The Poonch-Rawalakot bus service was launched in 2005 to facilitate visits by Indian and Pakistani citizens who have relatives in both sides of Kashmir.

A Poonch Municipal Council official, Irshad Hussain, said Indians were not able to meet their kin, as Islamabad was not giving them clearance.

“This time as well, 70 Pakistani nationals are going back to Pakistan Occupied Kashmir (PoK) and there is no Indian going with them. It is our request to the Pakistan government to give clearance as no Indian is going there because their government is not providing us with the No Objection Certificate,” said Hussain.

Pakistan nationals bade teary-eyed farewell to their kin before leaving.

They also urged their government to issue permits to Indians wishing to visit their family members in Pakistan-administered Kashmir.

“It is our appeal to our government that they smoothen out the clearance procedure. They should also be given the permission to go there like we are allowed to come here. They should be allowed to come and go and meet their relatives,” said a Pakistani national, Zaheer Abbas.

The cross-border bus service was started as a friendly gesture between the two countries.

However, the bus service has often been suspended due to cross- border fire and tensions between the two countries.

In January last year, the bus service was suspended indefinitely, following New Delhi’s tough stand on the killing of an Indian soldier, leaving passengers stranded on both sides.

However, it was resumed in about two weeks.
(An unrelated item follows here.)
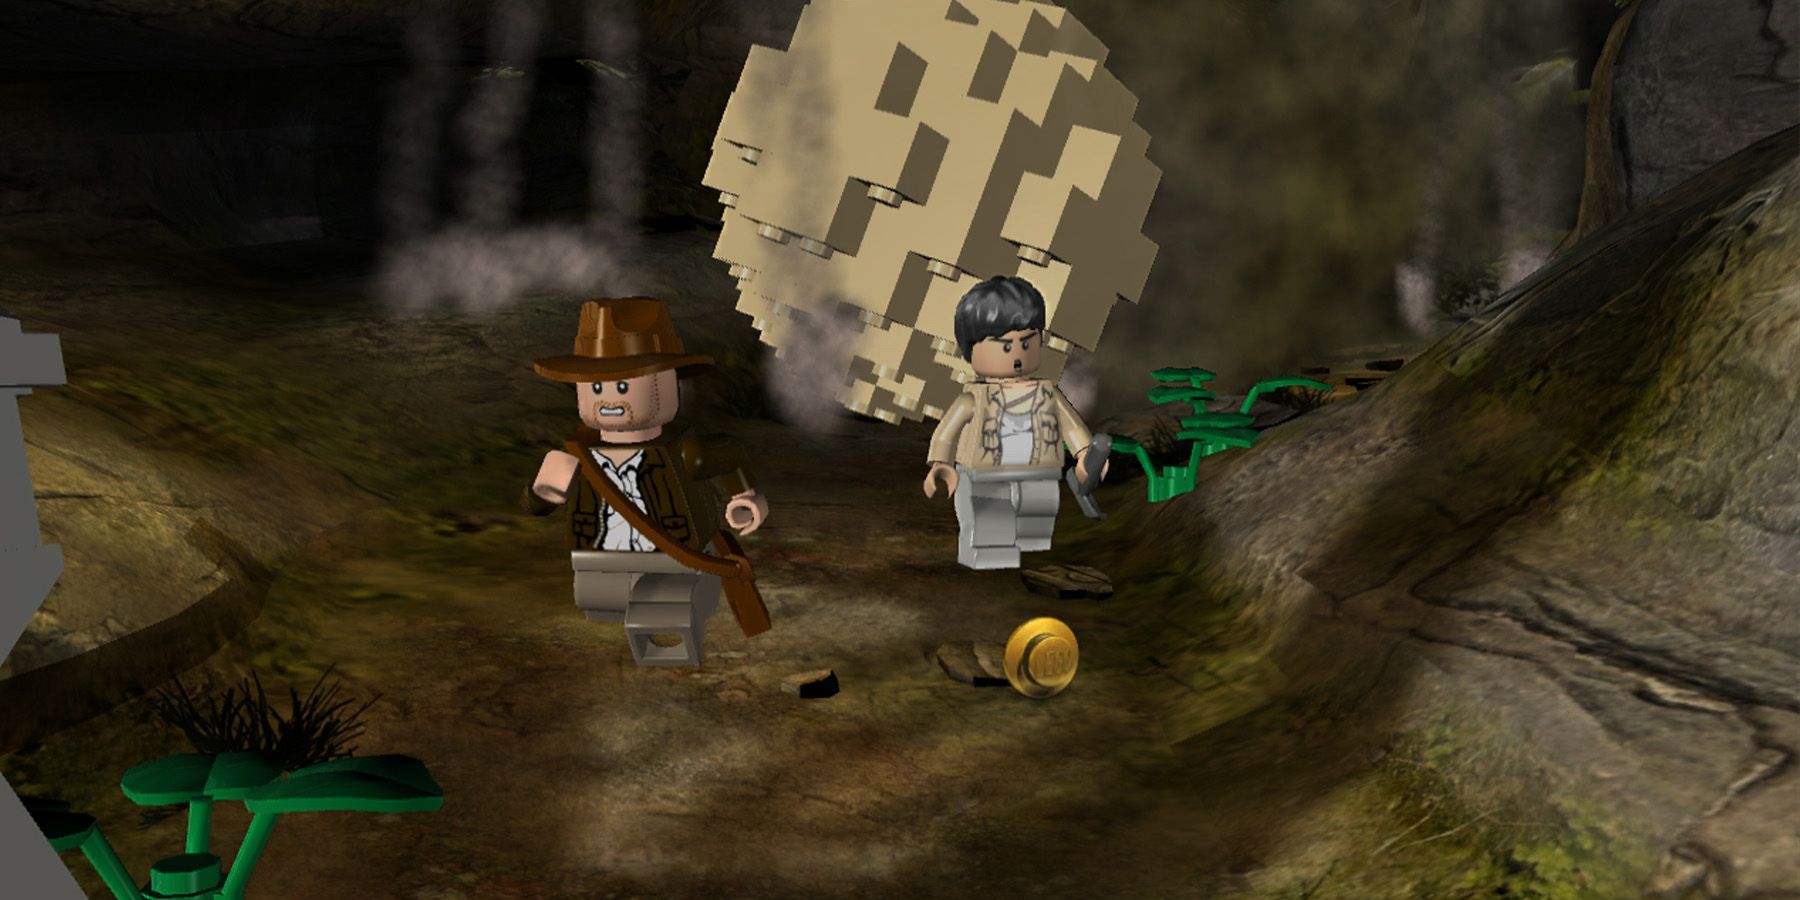 Indiana Jones and a partner escape a rolling boulder
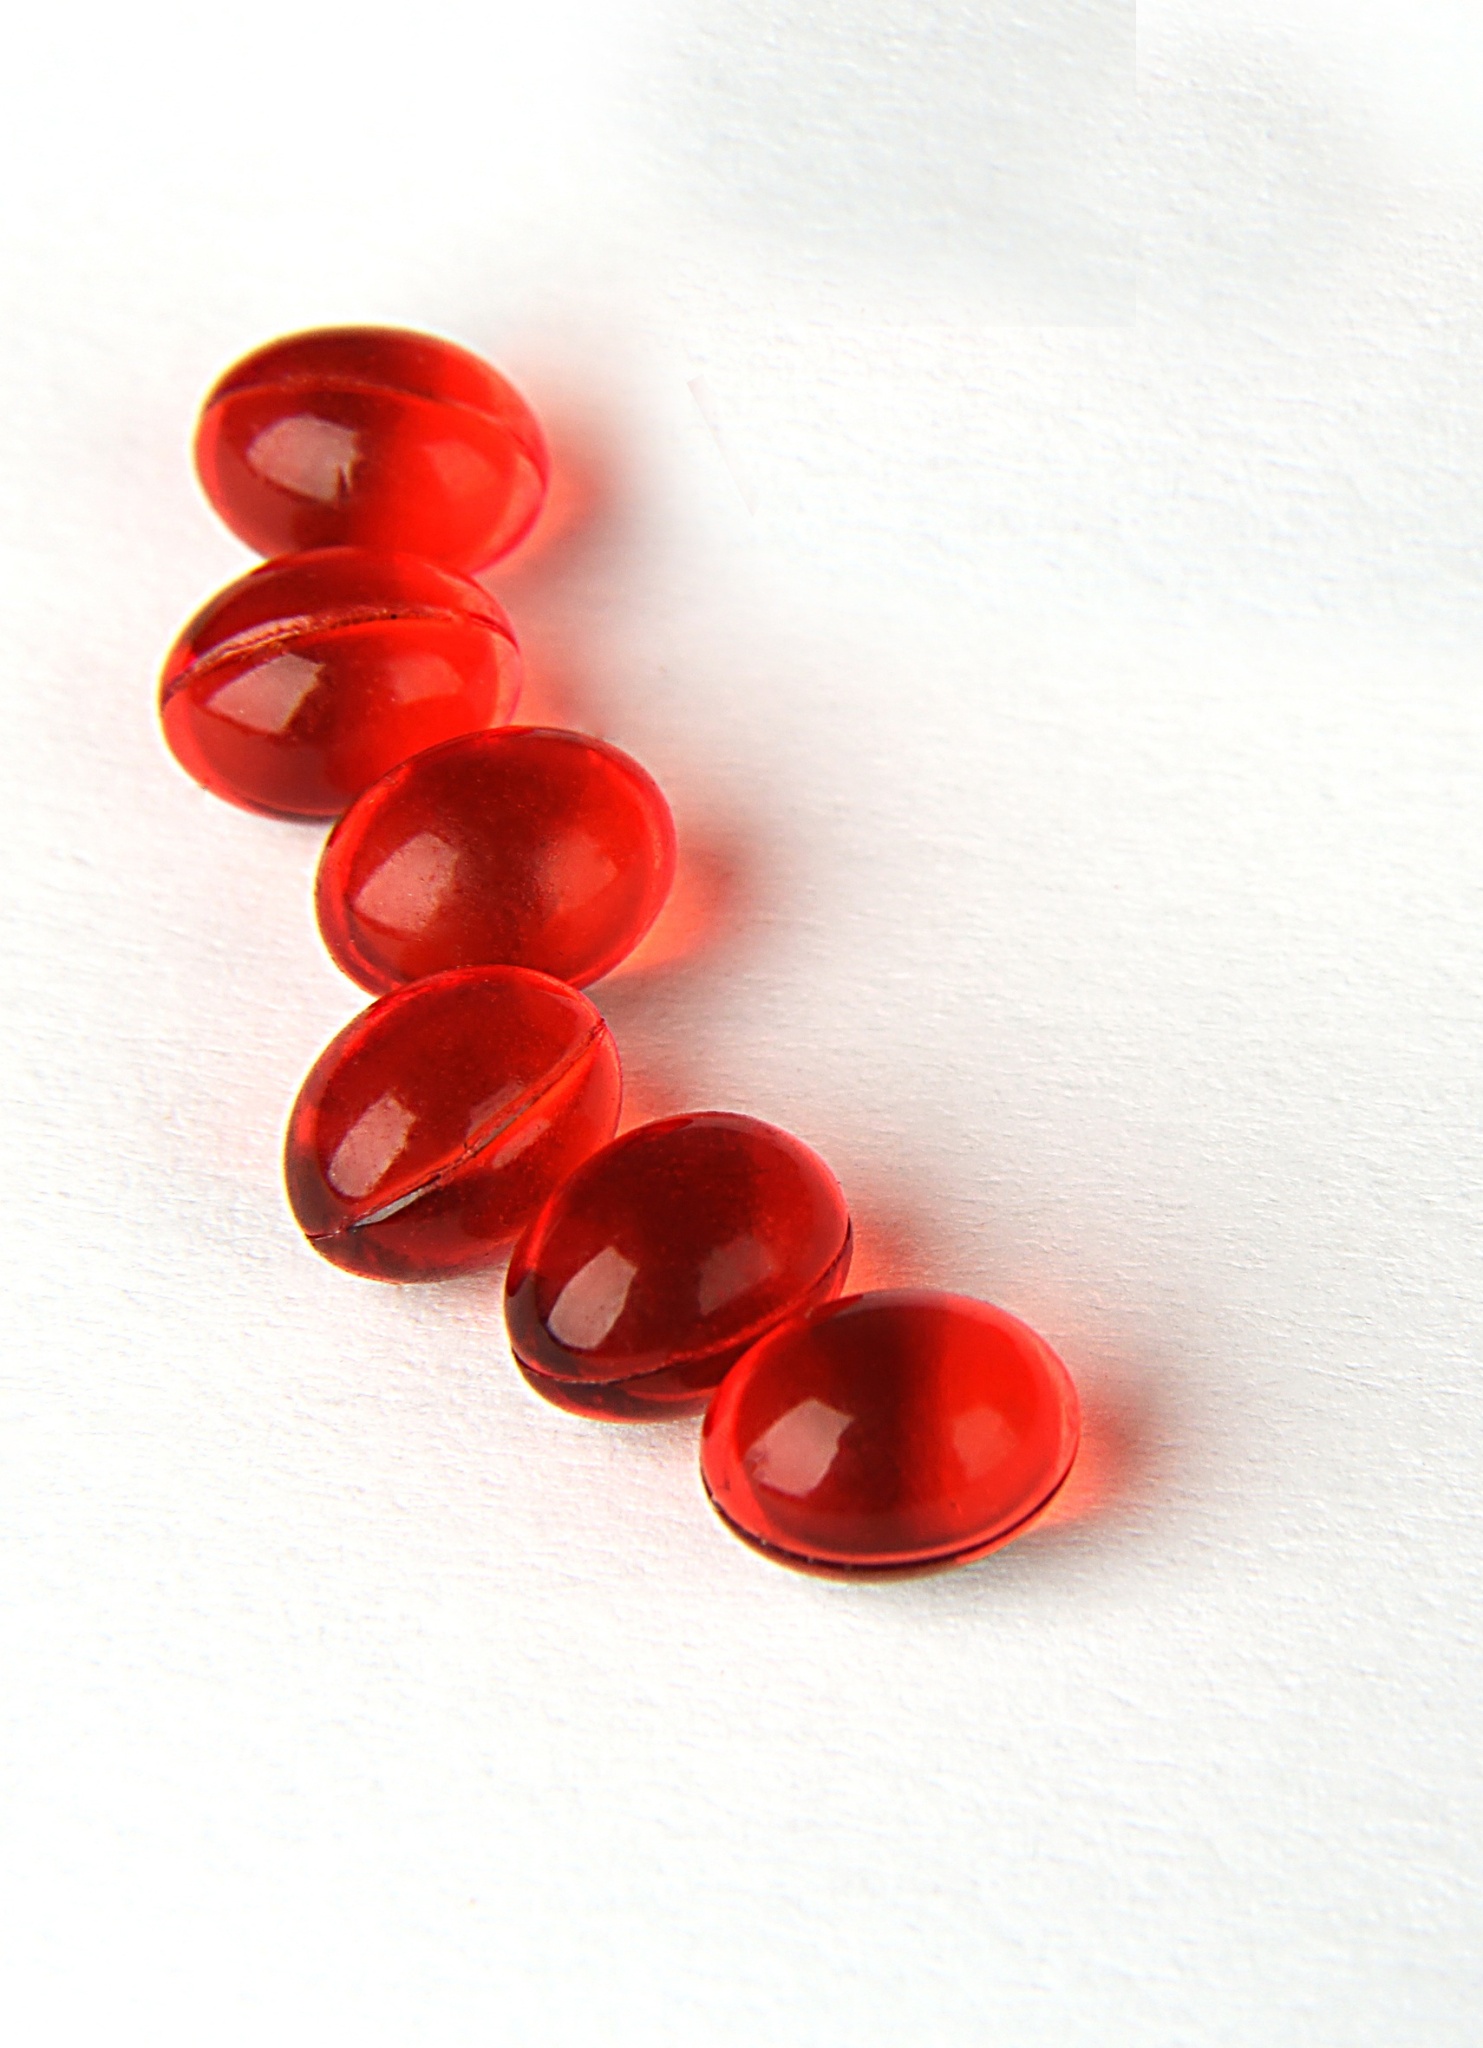 petal-heart-red-medicine-bead-health-698550-pxhere.com.jpg

Earlier, another bus service was launched between Pakistan?s city of Lahore and India?s national capital New Delhi on March 16, 1999. Then Indian Prime Minister, Atal Bihari Vajpayee, went to Lahore in the inaugural run of the bus and was received by his counterpart Nawaz Sharif.

India and Pakistan have fought three wars since becoming independent countries in 1947, two of them over the Himalayan region of Kashmir, which both claim in full but rule in part. (ANI)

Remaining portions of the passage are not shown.